At their core, covariance and contravariance describe how subtyping relationships between types relate to subtyping relationships between related types. Let’s break that down:

Subtyping and the Substitution Principle: A type A is a subtype of type B if an instance of A can be substituted wherever an instance of B is expected. For example, in most object-oriented languages, Integer is a subtype of Number.
Related Types: These are types constructed from other types, like generic types. For example, List<Integer> and List<Number> are related types, both constructed using the List generic type.

Now, let’s define the key terms:

Covariance: If A is a subtype of B, then Container<A> is a subtype of Container<B>. The subtyping relationship “flows” in the same direction. Think of a List<Integer> being usable where a List<Number> is expected.
Contravariance: If A is a subtype of B, then Container<B> is a subtype of Container<A>. The subtyping relationship is reversed. A common example is a function: a function that accepts a Number can be used where a function accepting an Integer is expected.
Invariance: If A is a subtype of B, there’s no subtyping relationship between Container<A> and Container<B>. They are considered completely unrelated types.

Visualizing Variance

Think of it this way (where -> denotes a subtyping relationship):

Covariance: Integer -> Number implies Container<Integer> -> Container<Number>
Contravariance: Integer -> Number implies Container<Number> -> Container<Integer>
Invariance: Integer -> Number implies no relationship between Container<Integer> and Container<Number>

Generics and Variance: Why Should We Care?

Variance isn’t just an academic exercise. It has practical implications for how we design and use generic classes and interfaces:

Type Safety: Understanding variance helps prevent runtime type errors. Incorrectly assuming covariance or contravariance can lead to situations where you try to put an object of the wrong type into a collection or pass an incompatible argument to a method.
Flexibility: Variance, especially covariance, allows for more flexible and reusable code. You can write methods that operate on collections of a more general type while still accepting collections of more specific types.
API Design: When designing generic APIs, properly specifying variance is crucial for ensuring that your API is both type-safe and usable in a variety of contexts.

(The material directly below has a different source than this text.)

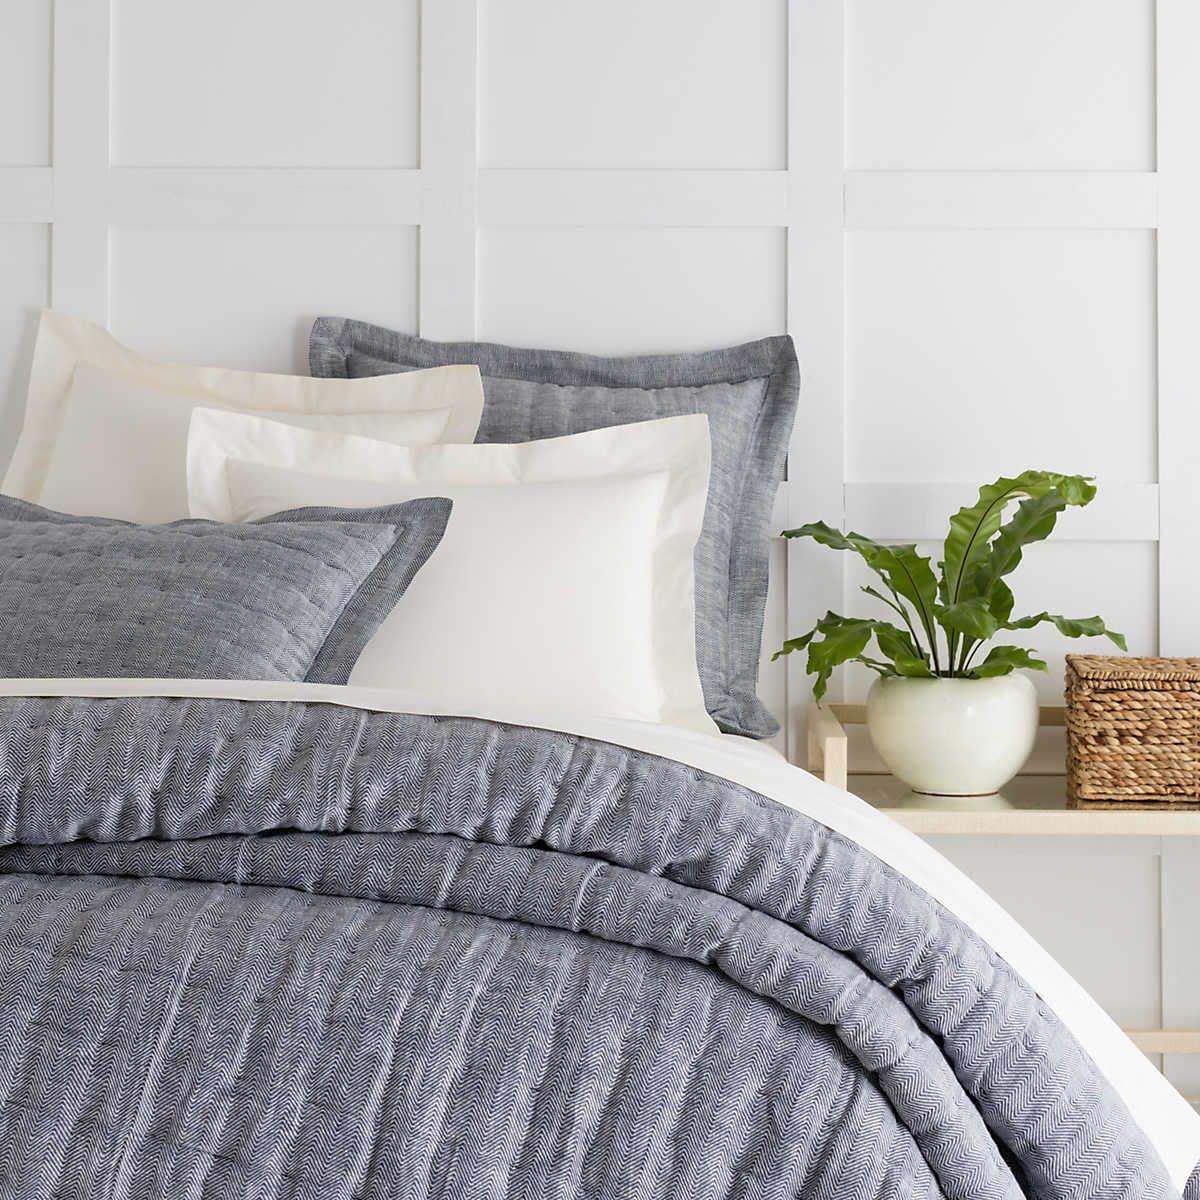 Brussels Indigo Quilt Pine Cone Hill Bed design, Quilt

Covariance and Contravariance in Java

Java: Use-Site Variance with Wildcards

Java employs use-site variance, meaning that variance is specified at the location where the generic type is used, i.e., where you create a variable, pass an argument, or specify a return type using the generic. In Java, we use wildcards (? extends T and ? super T) in these usage locations to indicate the desired variance.

? extends T (Covariance):

List<? extends Number> means a list of something that extends Number. The Number is the upper bound. You can safely read Number objects from it, but you can’t add anything (except null) because the compiler doesn’t know the exact type of elements allowed in the list.

? super T (Contravariance):

List<? super Integer> means a list that can accept Integer or any of its supertypes. The Integer is the lower bound. You can safely add Integer objects (and any supertypes of Integer) to it, but you can only read them as Object because the specific type of the elements isn’t known at compile time.

T (Invariance):

List<Number> means a list that can accept and produce only Number objects.

What this implies:

The generic type declaration itself doesn’t have inherent variance. The same generic class can be used in a covariant, contravariant, or invariant manner depending on the specific context.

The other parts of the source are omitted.